## WHAT YOU ARE ASKED TO DO
Repeat the lines from the one containing "ACTIVITY: Simon Reeve" through the last line of the data, exactly, pictures omitted.

## COLLECTED DATA
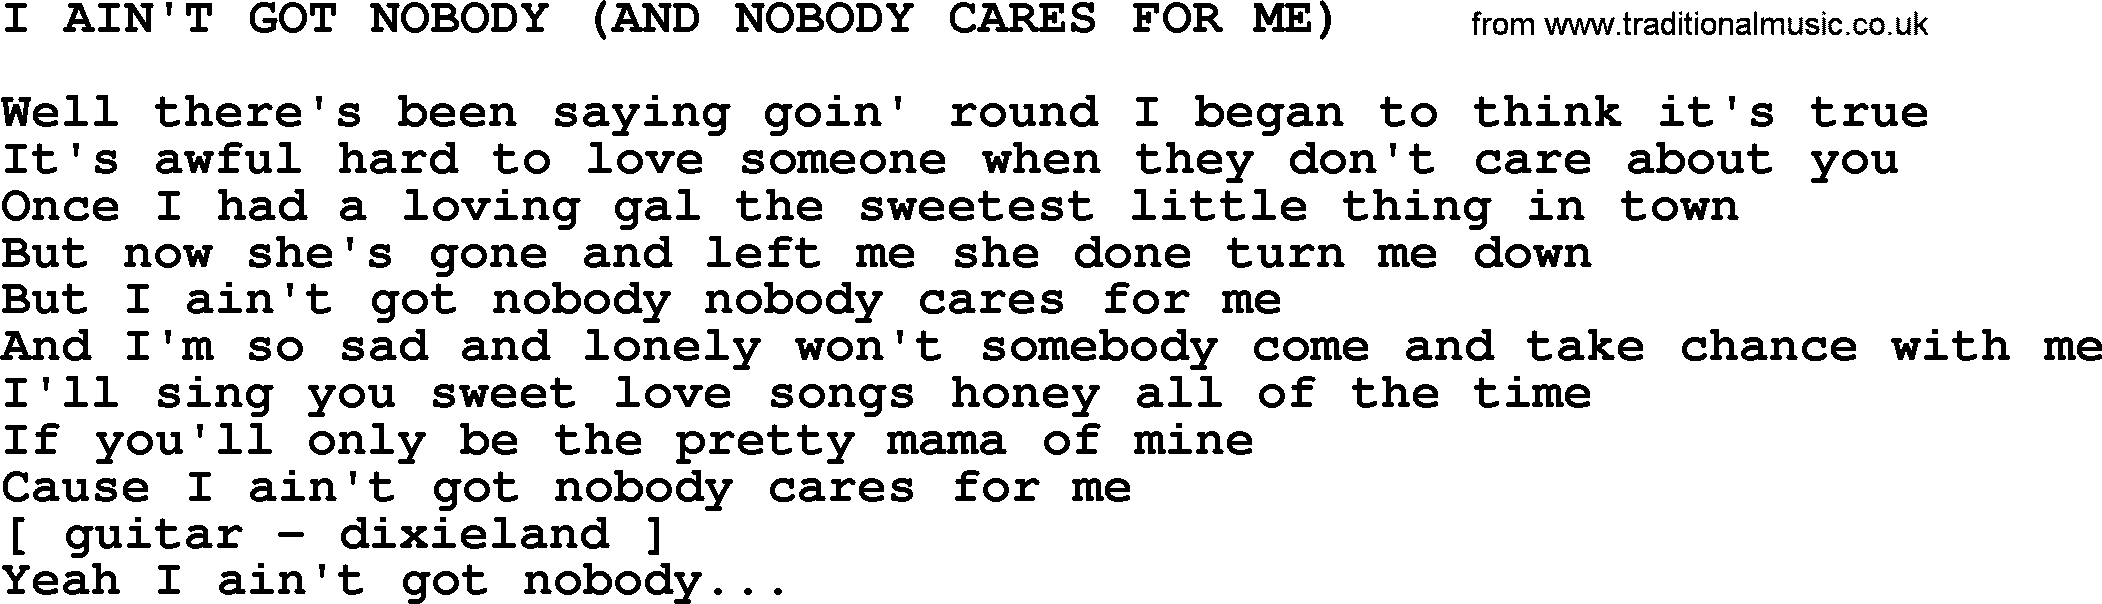 Merle Haggard song: I Ain't Got Nobody And Nobody Cares For Me, lyrics.
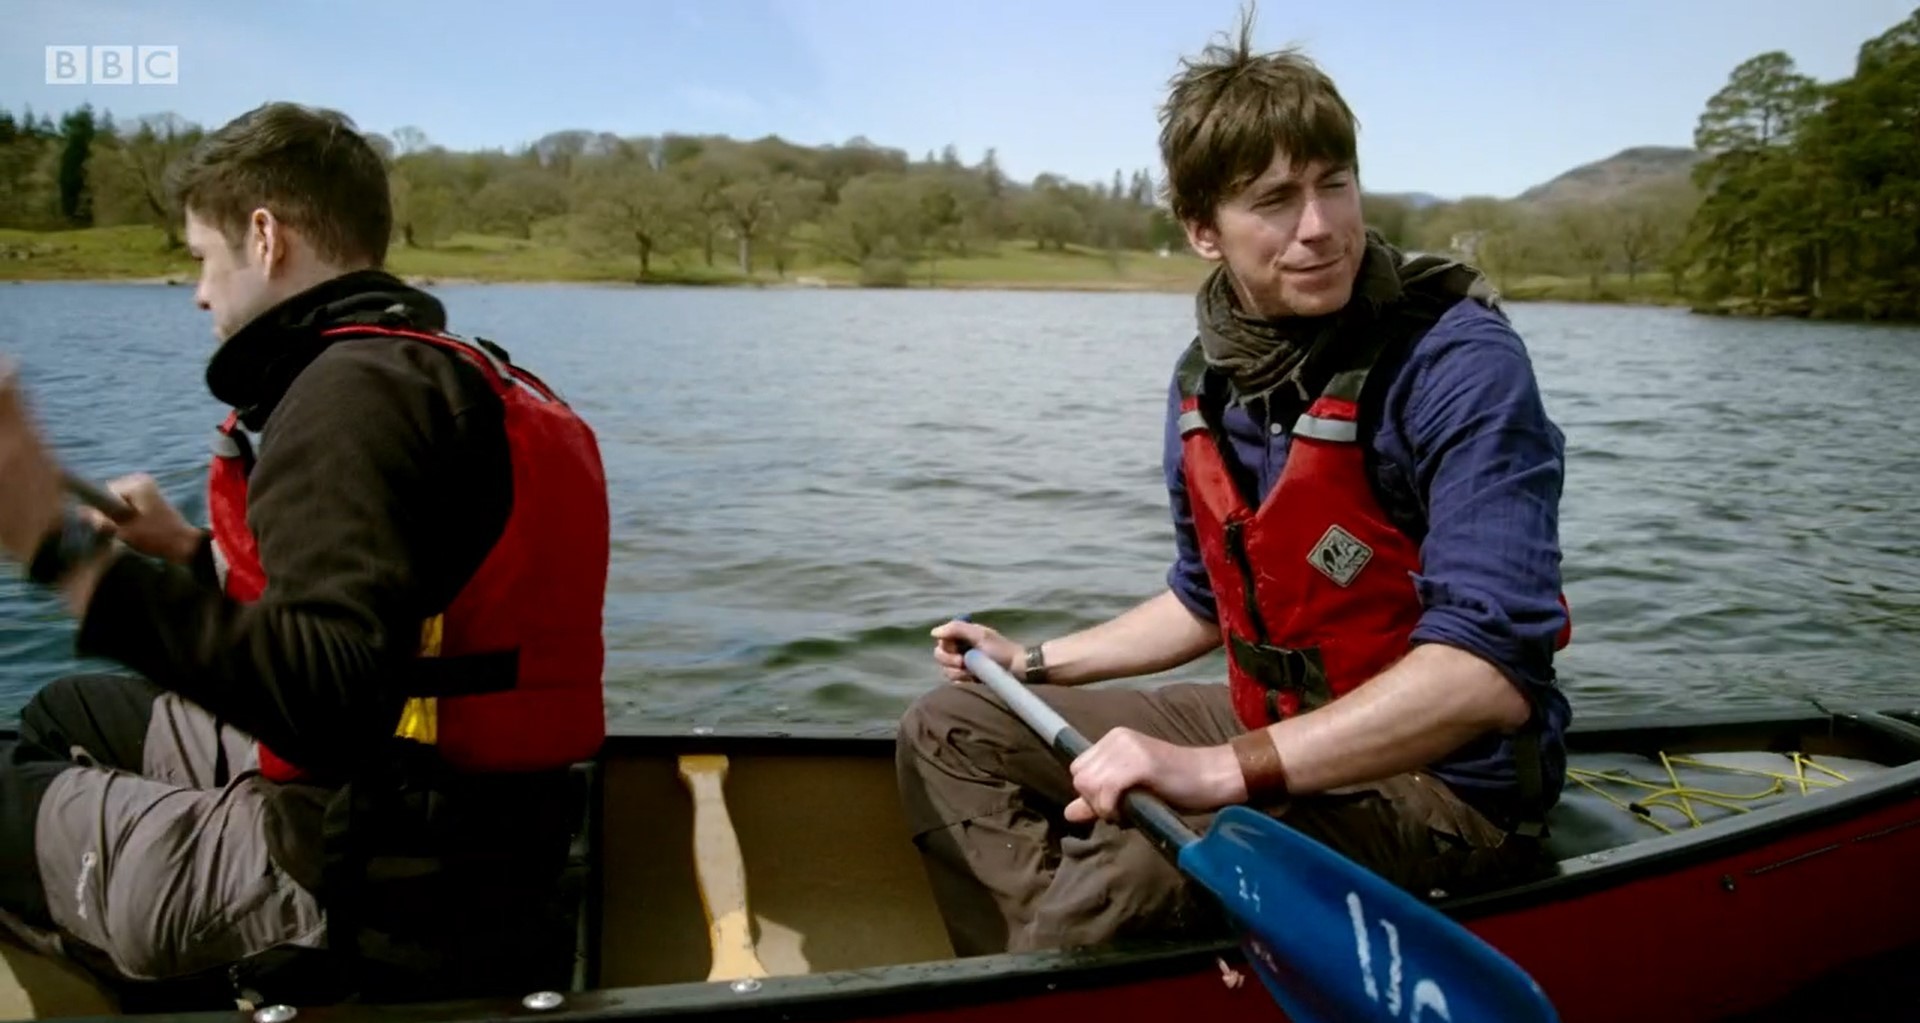 ACTIVITY: Simon Reeve with Barrow youth group on Windermere
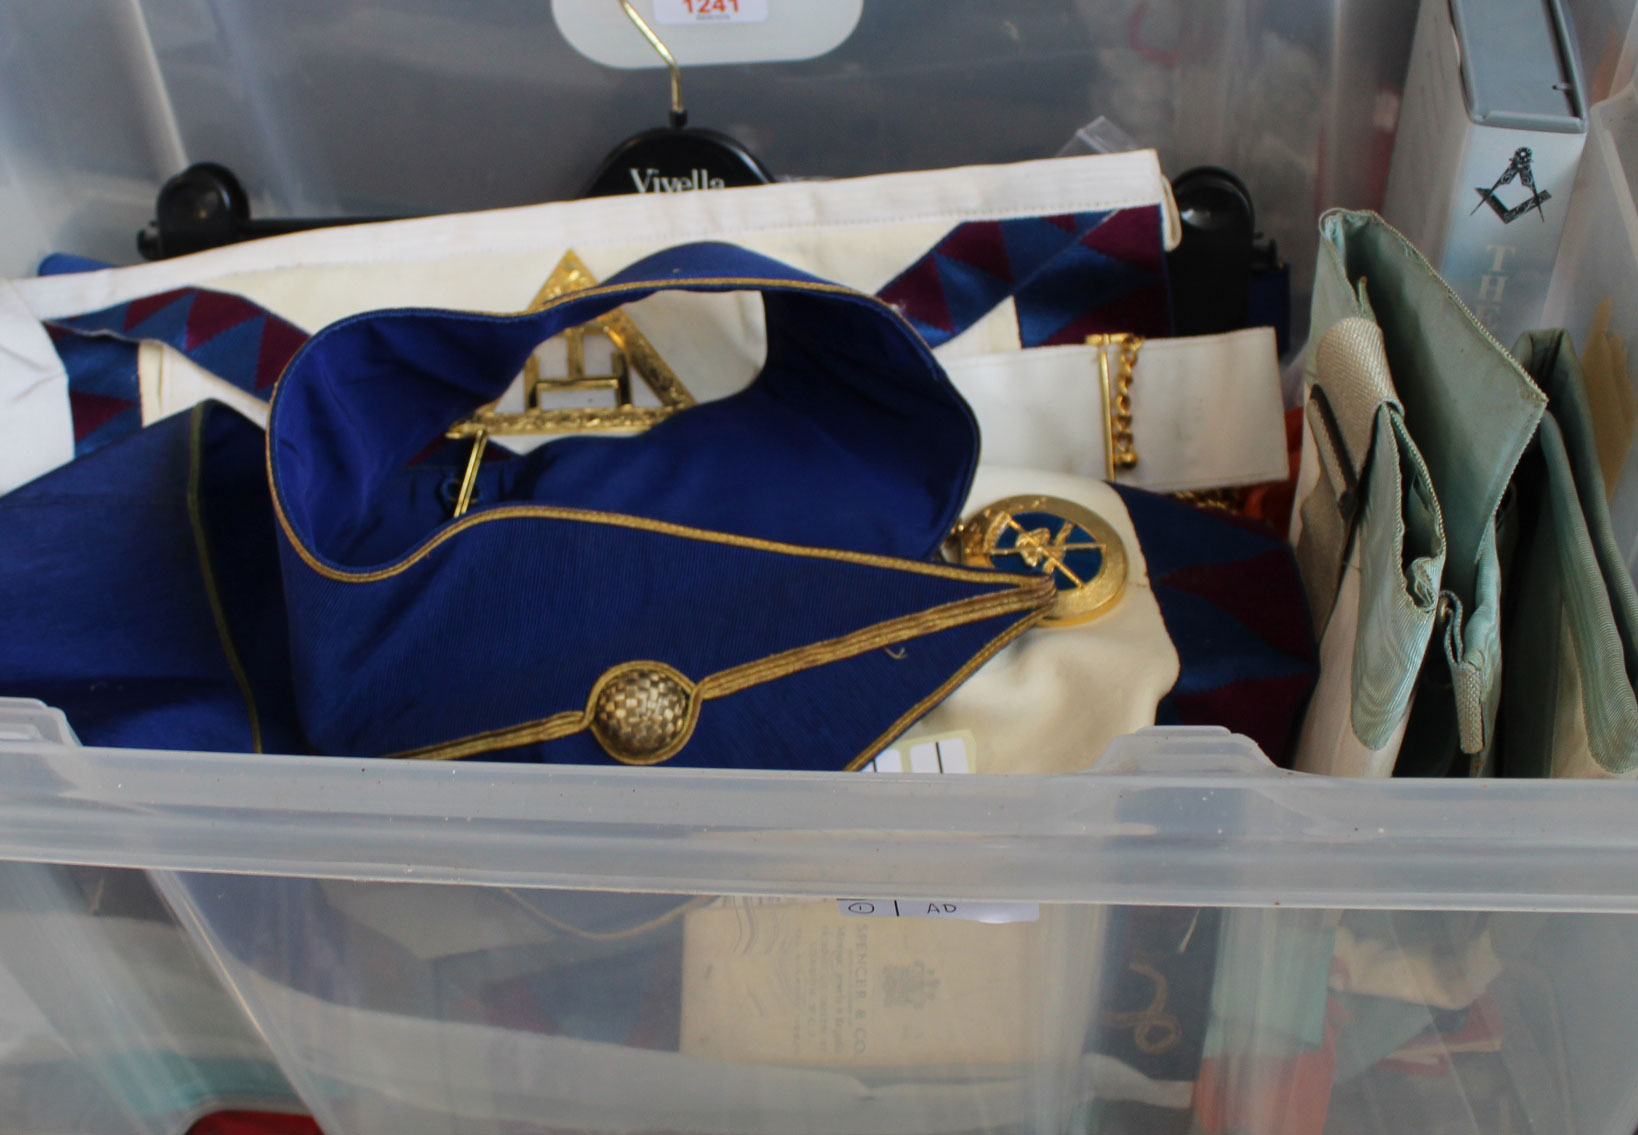 Quantity of Masonic ephemera related items including aprons with attached regalia, various items

## RESPONSE FOR THIS EXERCISE
 ACTIVITY: Simon Reeve with Barrow youth group on Windermere
 Quantity of Masonic ephemera related items including aprons with attached regalia, various items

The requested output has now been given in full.